To start arc-juptyer run the following command. The only option that needs to be configured is the -Xmx4096m to set the memory availble to Spark. This value needs to be less than or equal to the amount of memory allocated to Docker.

docker run \
--name arc-jupyter \
--rm \
-v $(pwd)/tutorial:/home/jovyan/tutorial \
-e JAVA_OPTS="-Xmx4096m" \
-p 4040:4040 \
-p 8888:8888 \
seddonm1/arc-jupyter:0.0.12 \
start-notebook.sh \
--NotebookApp.password='' \
--NotebookApp.token=''

Starting an Arc notebook

From the Juptyter main screen select New then Arc under notebook. We will be building the job in this notebook.

Before we start adding job stages we need to define a variable which allows us to easily change the input file location when we deploy the job across different environments. So, for example, it could be use to switch data paths for local (ETL_CONF_BASE_URL=/home/jovyan/tutorial) vs remote ETL_CONF_BASE_URL=hdfs://datalake/ when moving from development to production.

Paste this into the first sell and execute to set the environment variable.

%env ETL_CONF_BASE_URL=/home/jovyan/tutorial

Extracting Data

The first stage we are going to add is a DelimitedExtract stage because the source data is in Comma-Seperated Values format delimited by ‘,’. This stage will instruct Spark to extract the data in all .csv files from the inputURI path and register as a Spark internal view green_tripdata0_raw so the data can be accessed in subsequent job stages.

{
  "type": "DelimitedExtract",
  "name": "extract data from green_tripdata/0",
  "environments": ["production", "test"],
  "inputURI": ${ETL_CONF_BASE_URL}"/data/green_tripdata/0/*",
  "outputView": "green_tripdata0_raw",            
  "delimiter": "Comma",
  "quote" : "DoubleQuote",
  "header": true
}

By executing this stage you should be able to see a result set. If you scroll to the very right of the result set you should be able to see two additional columns which is added by Arc to help trace data lineage to assist debugging.

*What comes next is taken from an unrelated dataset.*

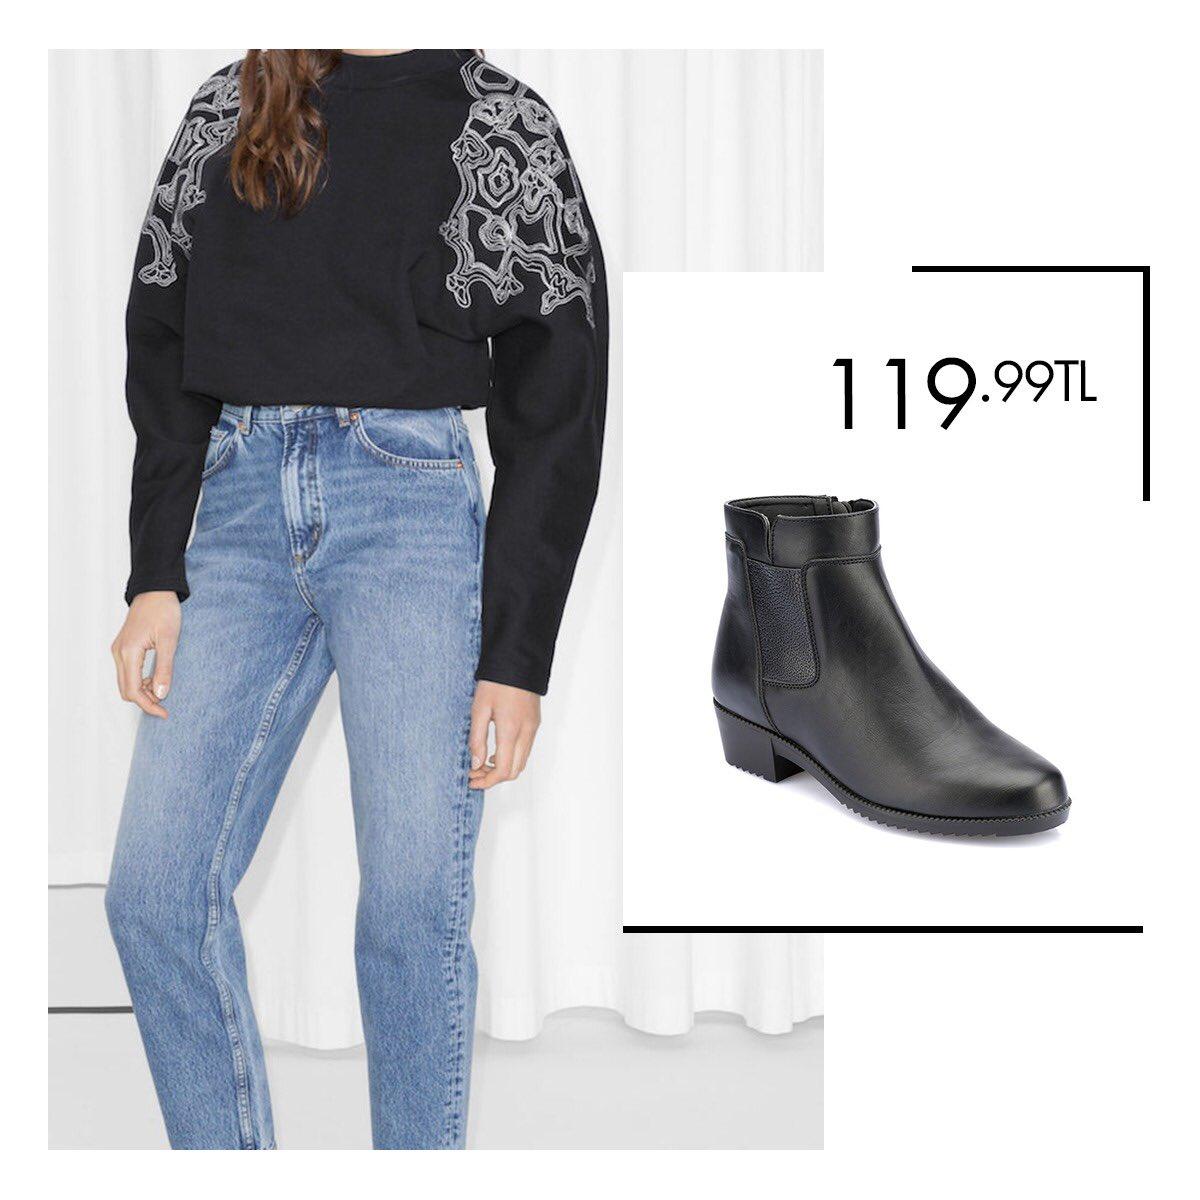 Jean pantolonlarınızla kombinleyebileceğiniz ayakkabı modelleri Polaris'te! Siyah Kadın Bot 36-40 Numara 119,99 TL 🔎 100323682 http://bit.ly/2VuNuL5

  • _filename: which records the input file source for all file based imports.
  • _index: which records the input file row number for all file based imports.

Typing Data

At this stage we have a stage which will tell Spark where to read one or more .csv files and produce a table that looks like this and has all string typed fields.

VendorID lpep_pickup_datetime Lpep_dropoff_datetime Store_and_fwd_flag RateCodeID Pickup_longitude Pickup_latitude Dropoff_longitude Dropoff_latitude Passenger_count Trip_distance Fare_amount Extra MTA_tax Tip_amount Tolls_amount Ehail_fee Total_amount Payment_type Trip_type
2 2013-09-01 00:02:00 2013-09-01 00:54:51 N 1 -73.952407836914062 40.810726165771484 -73.983940124511719 40.676284790039063 5 14.35 50.5 0.5 0.5 10.3 0 null 61.8 1 null
2 2013-09-01 00:02:34 2013-09-01 00:20:59 N 1 -73.963020324707031 40.711833953857422 -73.966644287109375 40.681690216064453 1 3.24 15 0.5 0.5 0 0 null 16 2 null

To make this data more useful for querying (for example doing aggregation by time period) we need to safely apply data typing.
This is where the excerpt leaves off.